This code implements AMLNet from the manuscript "AMLnet, A deep-learning pipeline for the differential diagnosis of acute myeloid leukemia from bone marrow smears".
Any operating system on which you can run GPU-accelerated PyTorch. Python >=3.8. For packages see requirements.txt.
Directory structure for training and test data:
DATA
└── Train
│ ├──M1
│ ├──M2a
│ ├──...
└── Test
│ ├──M1
│ ├──M2a
│ ├──...
DATA
└── All
│ ├──M1
│ ├──M2a
│ ├──...
Code in ./train
- 1.train.py: it uses early stop, label smoothing, various data augmentation methods, cosine annealing with warm restart and so on for training.
- 2.train_kfold.py: based on the above, including 5-fold cross-validation for training.

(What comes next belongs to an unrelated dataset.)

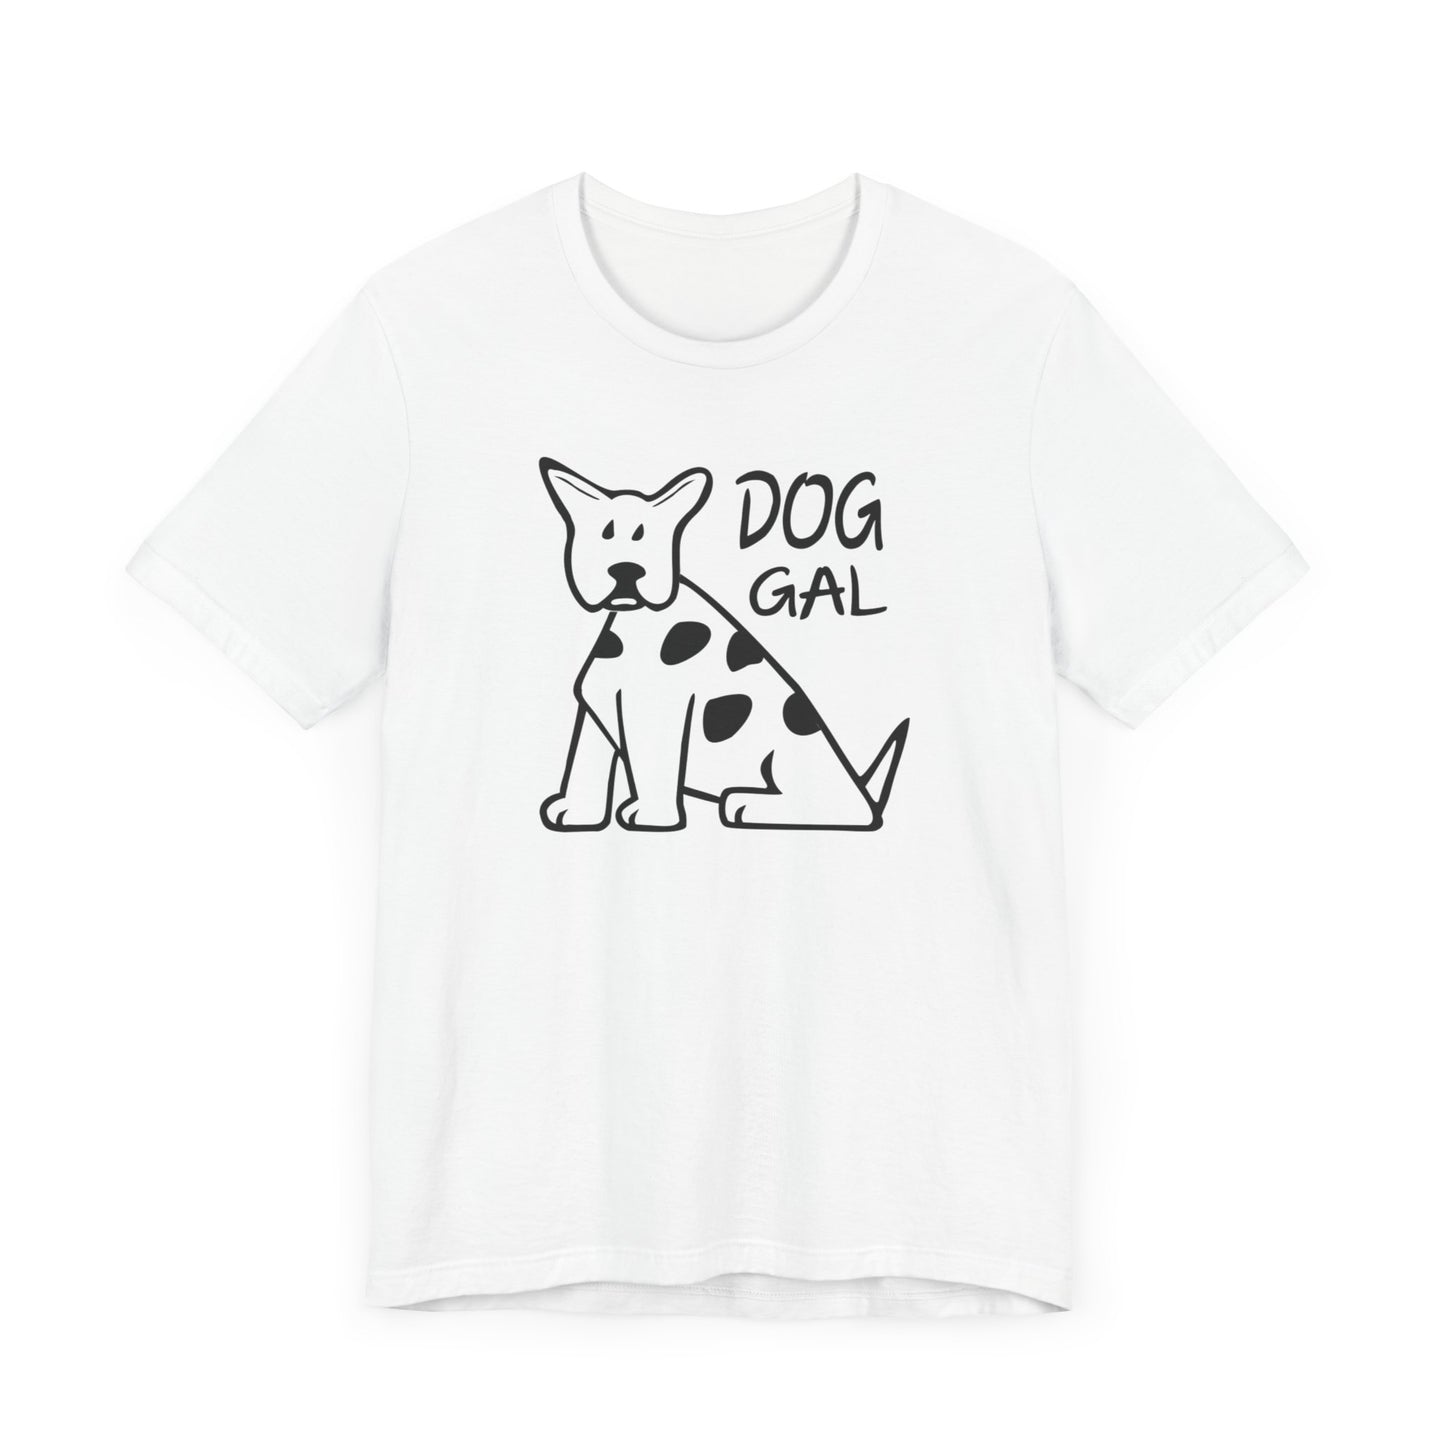 Unisex Jersey Short Sleeve Tee for Girls featuring a Cartoon Dog

Configuring hyperparameters via the ./experiments
directory
./train
: compare different models../kfold
: implement 5-fold cross-validation, add DROPOUT under the MODEL directory.
Nvidia TITAN RTX with 24GB of memory for GPU is used to accelerate training.
DATA
└── Dual_center_test
│ ├──M1
│ ├──M2a
│ ├──...
DATA
└── Dual_center_test
│ ├──M1
│ ├──Patient1
│ ├──Patient2
│ ├──...
│ ├──M2a
│ ├──Patient1
│ ├──Patient2
│ ├──...
...
Code in ./test
- 1.test.py: evaluate model performance at the image level.
- 2.test_patient.py: evaluate model performance at the patient level.